As the starbow coalesced around her once more, Spinner-of-Rope opaqued her faceplate, wriggled in her couch until an irritating wrinkle of cloth behind her back had smoothed itself out, and tried to sleep.

The slow, wide orbits of Port Sol and the beacon source had left them ninety degrees apart, as seen from the center of the Sun. Louise had laid in a course which took the nightfighter on a wide, high trajectory high above the plane of the System, arcing across its outer regions. The nightfighter’s path was like a fly hopping across a plate, from one point on the plate’s rim to another.

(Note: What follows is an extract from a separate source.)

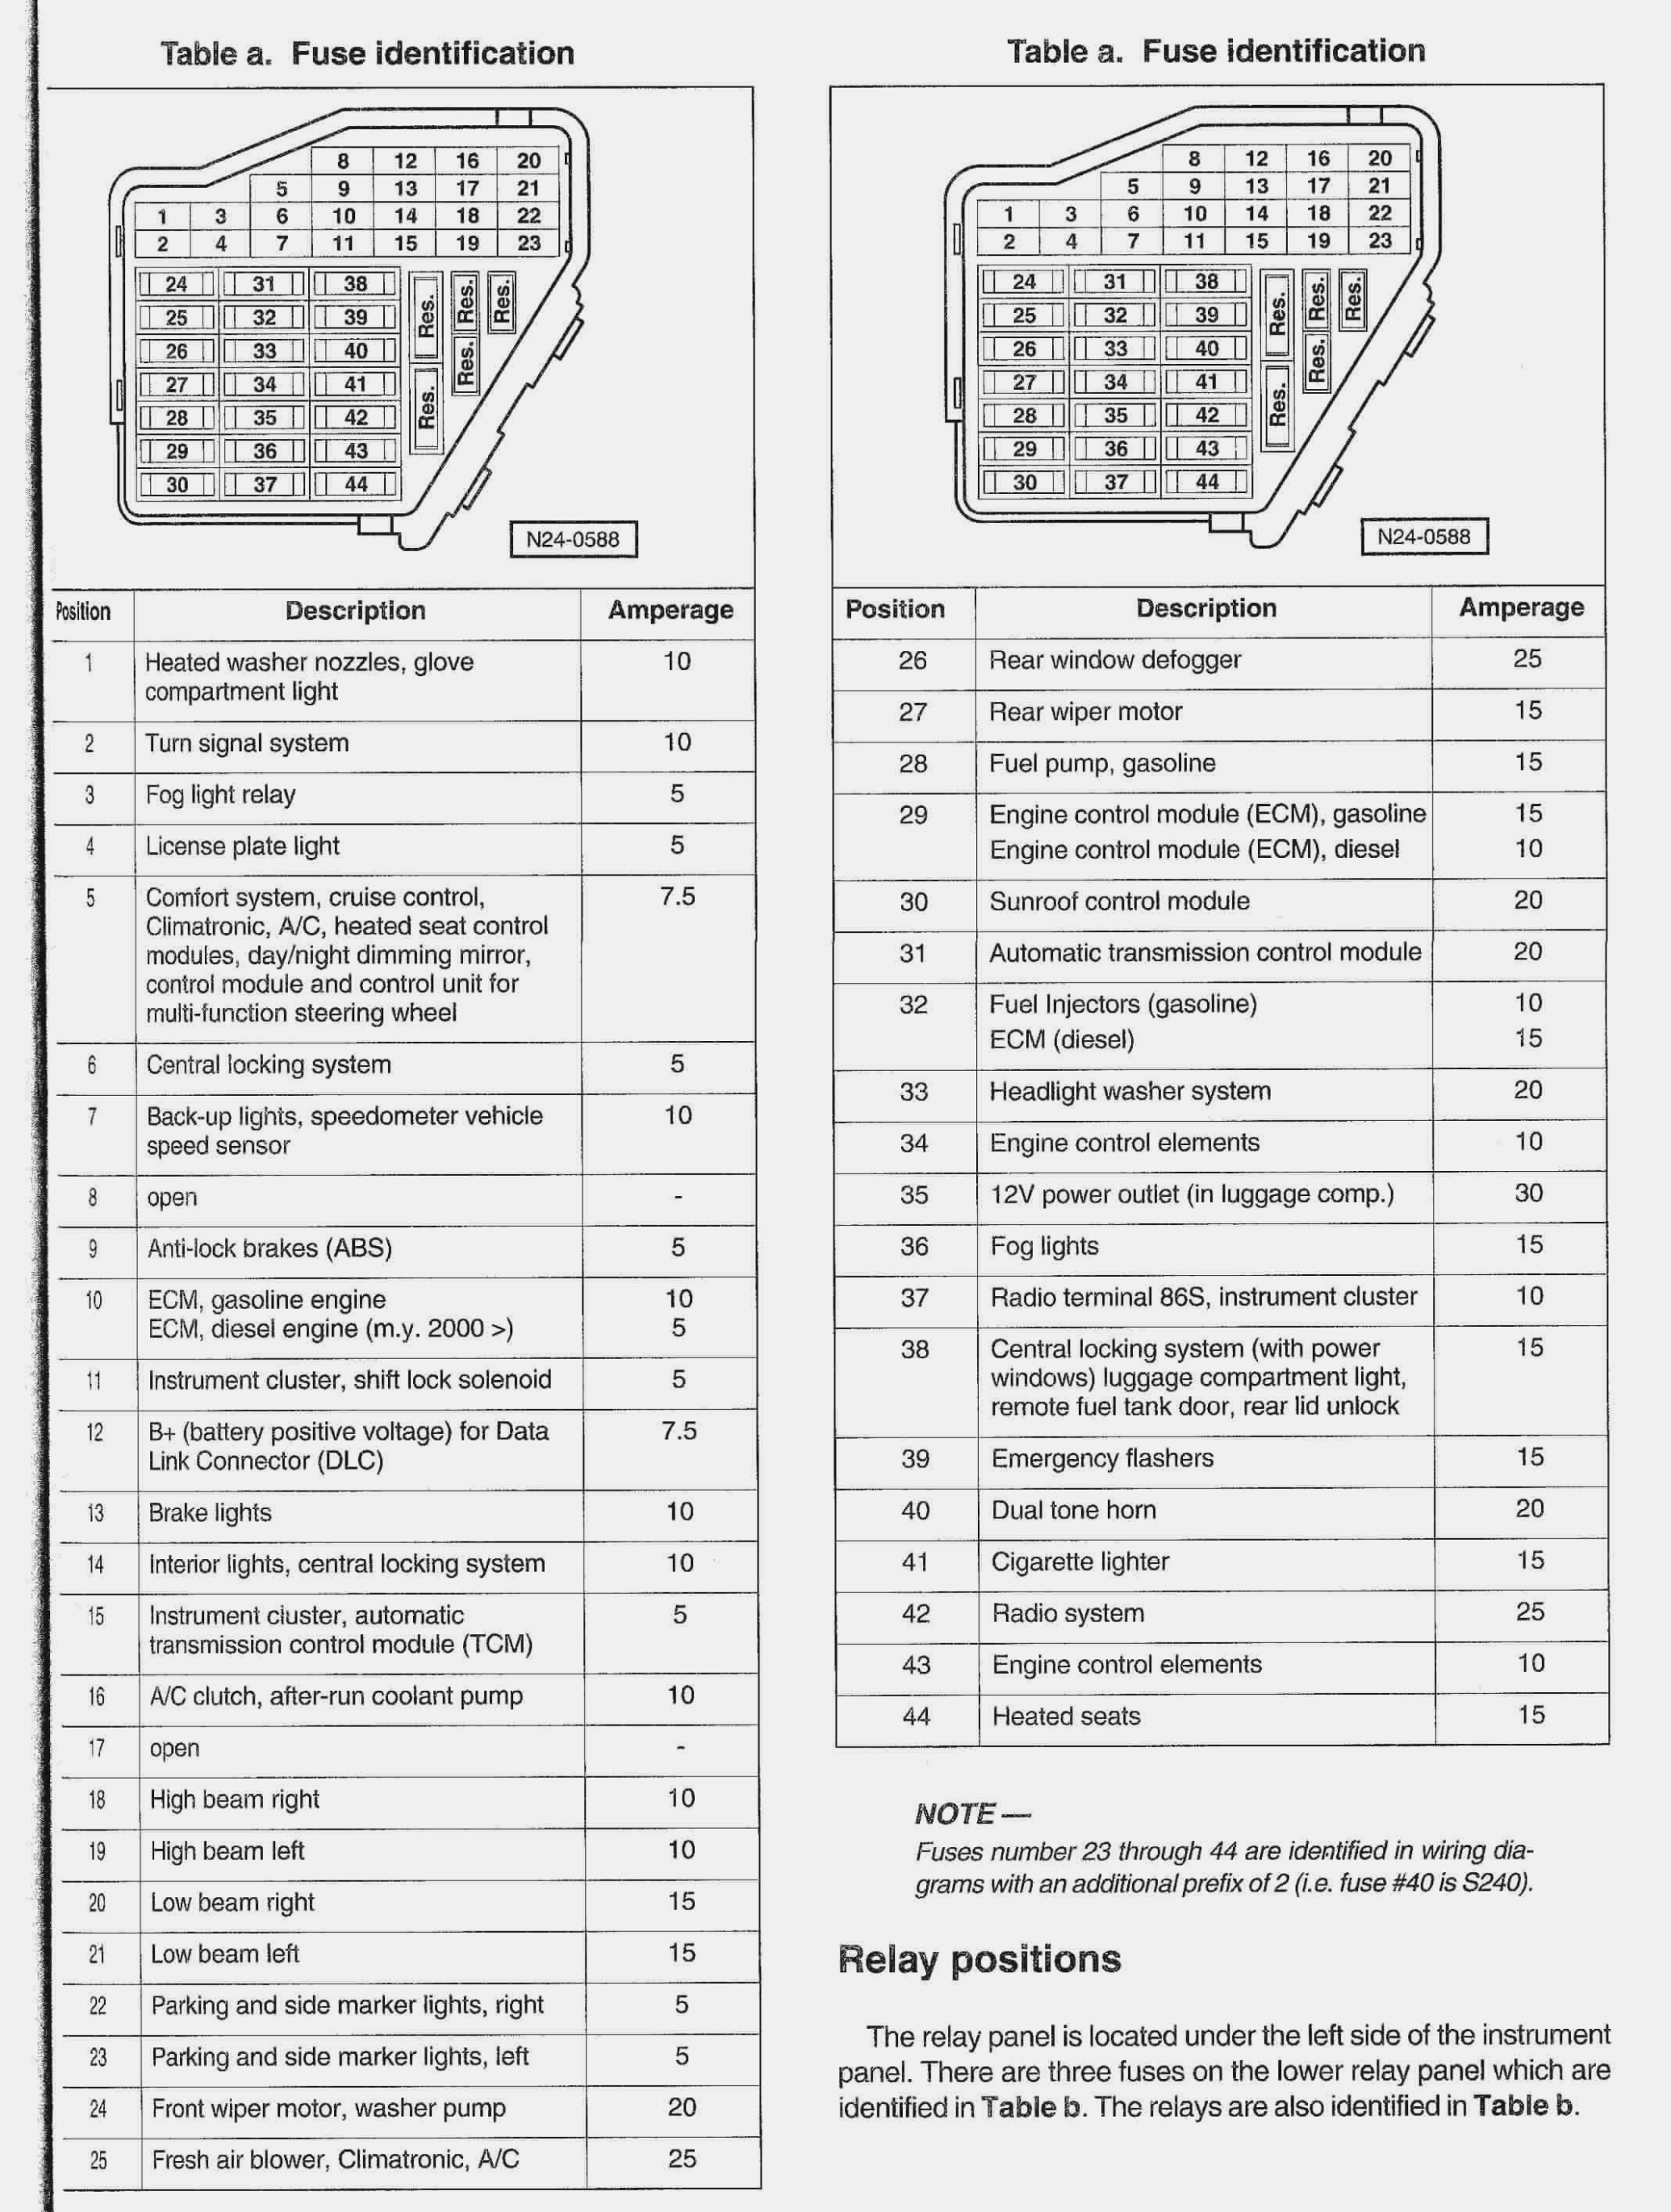 Unique Vw Golf Mk5 Headlight Wiring Diagram Diagram Diagramsample Diagramtemplate Wiringdiagram Diagramchart Worksheet Wor Jetta 2001 Jetta A4 Jetta Gli

The Sun sat like a bloated, grotesque spider at the heart of its ruined System. All of the inner planets — Mercury, Venus, Earth/Luna — were gone… save only Mars, which had been reduced to a scorched cinder, surely barren of life, its orbit taking it skimming through the outer layers of the new red giant itself.

In a few more millennia that fragile orbit would erode, pitching Mars, too, into the flames.

Of the outer gas giants — Jupiter, Saturn, Uranus, Neptune — all had survived with little change, save imploded Jupiter. But the outermost planet of all — the double world Pluto/Charon — had disappeared.

Spinner listened to Louise describe all this. “So where did Pluto go?”

“I’ve no idea,” Louise said. “There’s not a trace to be seen, anywhere along its old orbital path. Maybe we’ll never know.

“Spinner, a lot of the minor bodies of the System seem to have taken a real beating. Some of that is no doubt due to the Sun’s new, extreme state… but maybe some of it has been deliberate, too.”

Once, the Solar System had served as host to billions of minor bodies. The Oort Opik Cloud was — had once been — a swarm of a hundred billion comets circling through an immense, sparse shell of space, between four light-months and three light-years from the Sun. Now, that cloud was denuded.